Der vermehrte Einsatz von KI wird sich nicht aufhalten lassen, weil sich dadurch vieles vereinfacht. Allerdings stellt sich gerade beim Lernen die Frage, ob der einfachste Weg auch der Beste ist. Ist es nicht wesentlich einprägsamer für Schülerinnen und Schüler, sich den Weg zu Lösungen oder Erkenntnissen selbst zu erarbeiten? Eine künstliche Intelligenz ist nur in der Lage, das Wissen und die Schlussfolgerungen anderer Menschen wiederzugeben, während das unabhängige Erarbeiten von Lösungen oder Einschätzungen zu neuen Denkansätzen führen kann. Wenn auch noch erwartet wird zu überprüfen, ob die von der KI dargestellten Lösungen korrekt sind, verirrt man sich schnell im Dschungel aus Thesen und Antithesen.

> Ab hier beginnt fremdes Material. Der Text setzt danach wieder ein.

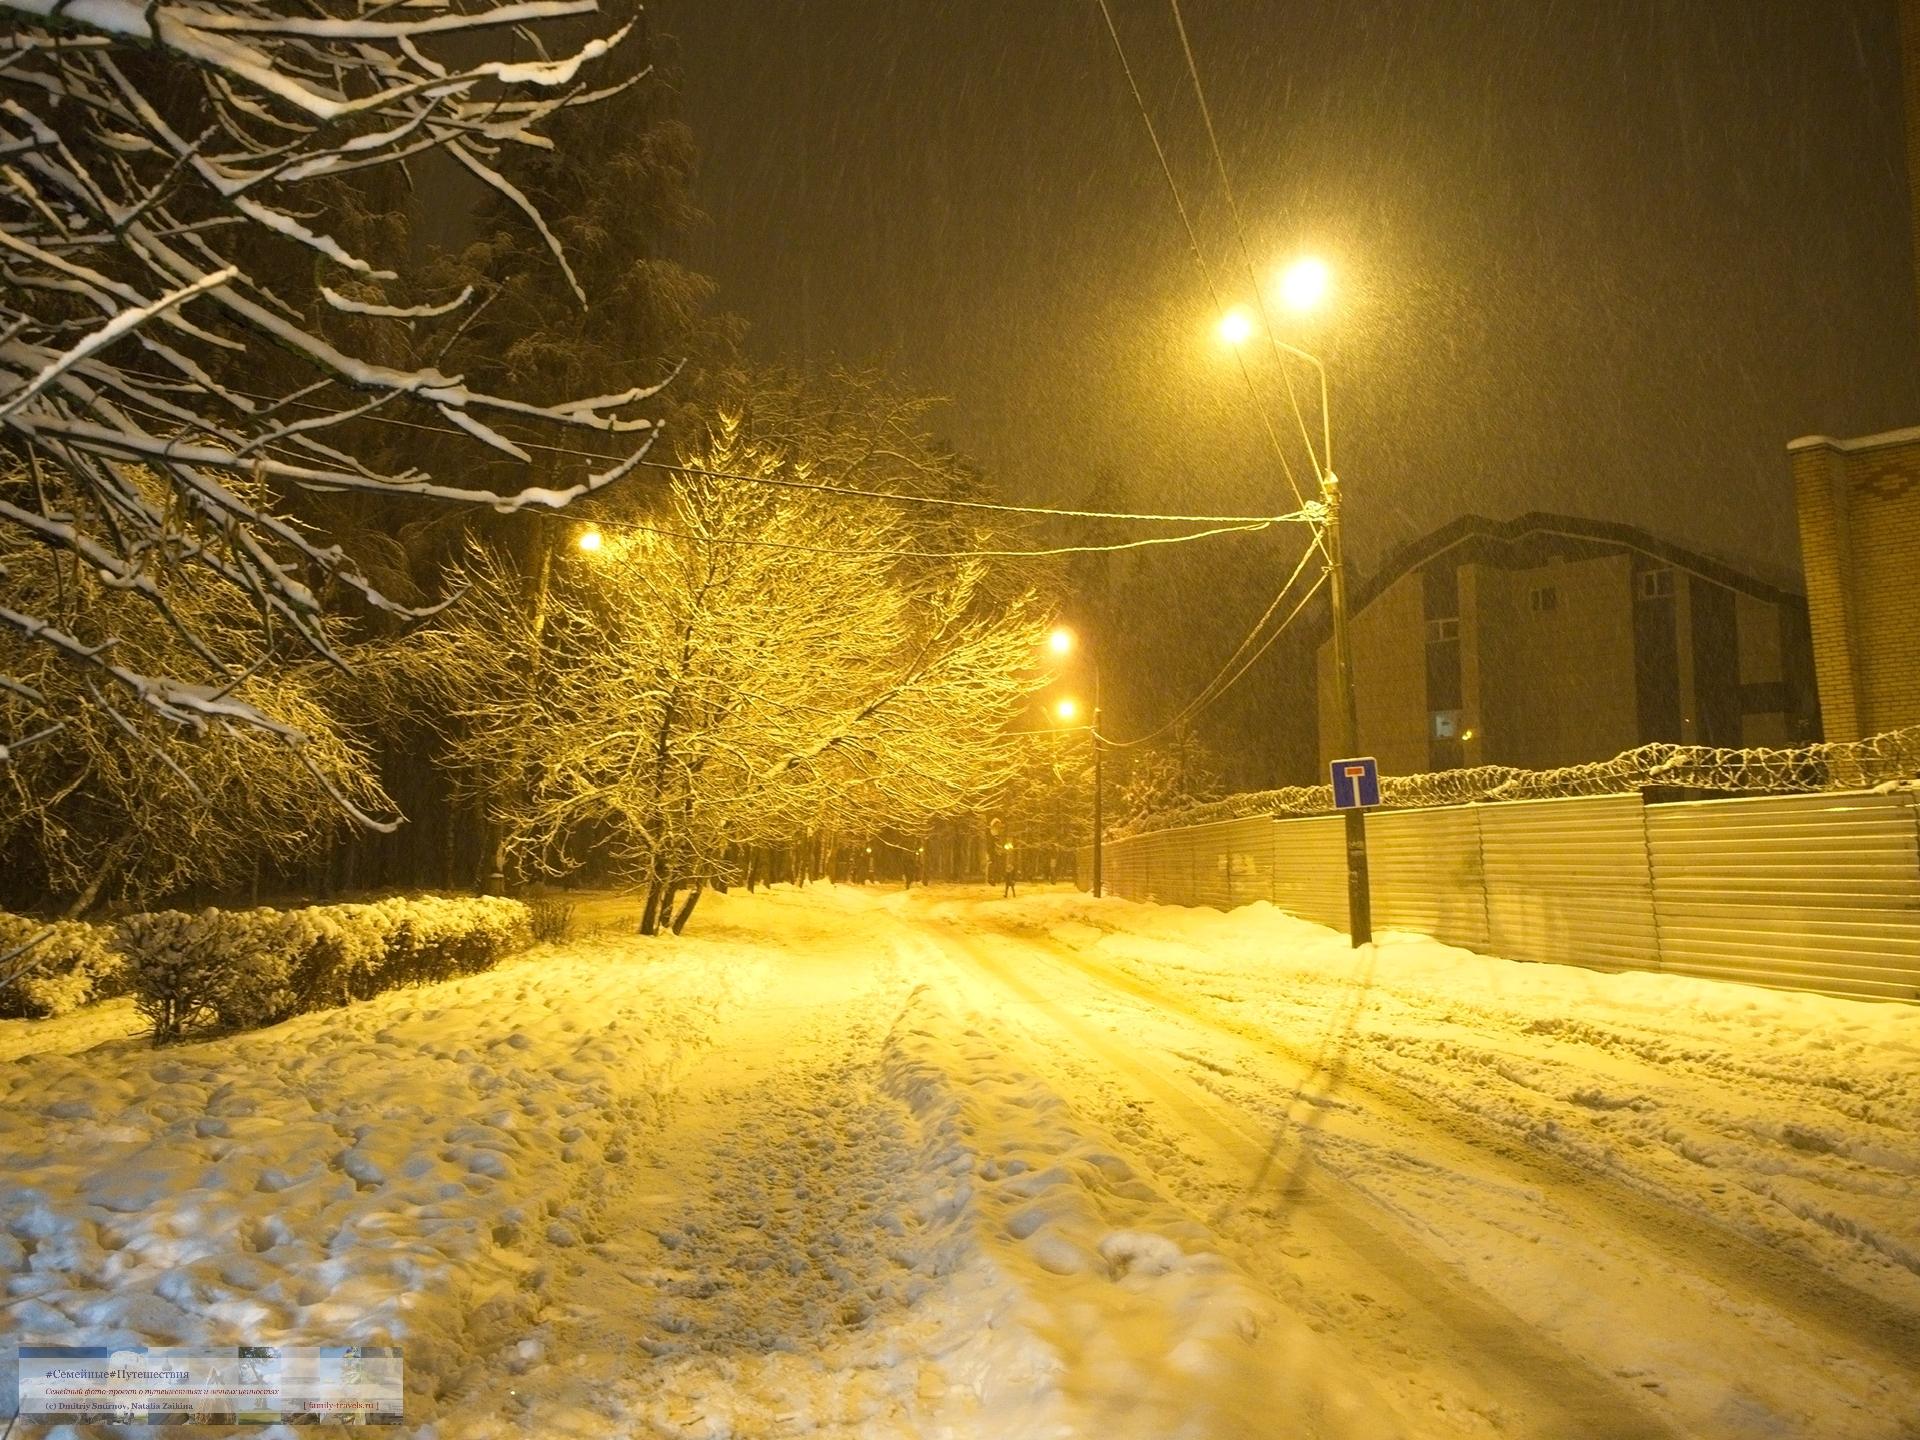 02032018-1900-Blog-060 Просто фото  Снегопад года

Wir müssen darauf achten, dass die eigenständigen, geistigen Leistungen unserer Schülerinnen und Schüler nicht zu sehr beeinflusst werden, denn sie sollen sich auch im Namen des Fortschritts auf den Weg machen, neue, unbekannte Wege zu beschreiten.

Christiane Mielck-Retzdorff

Diskriminierung im Alter

18. Januar: „Warum Schöffen für die Justiz so wichtig sind. Ab sofort werden neue ehrenamtliche Richter für die kommenden fünf Jahre gesucht. Markus Manke wird sich wieder bewerben“

An die zehntausend Schöffen werden gesucht als ehrenamtliche Richter. Was für ein schöner Aufruf. Und wenn man sich durchliest, wie man denn Schöffe werden kann, erfährt man so ganz beiläufig, dass über 70-Jährige nicht mehr genommen werden. Warum, wird nicht gesagt. Zwar gibt es inzwischen 70- und auch 80-Jährige, die noch berufstätig sind (sein müssen), aber im Ehrenamt will man sie nicht mehr haben. Oder glaubt man, die hätten sowieso keine Zeit, weil sie alle in der Waitzstraße das Parken üben?Altersdiskriminierung ist bei uns so tief verwurzelt, dass sie nicht mal mehr auffällt.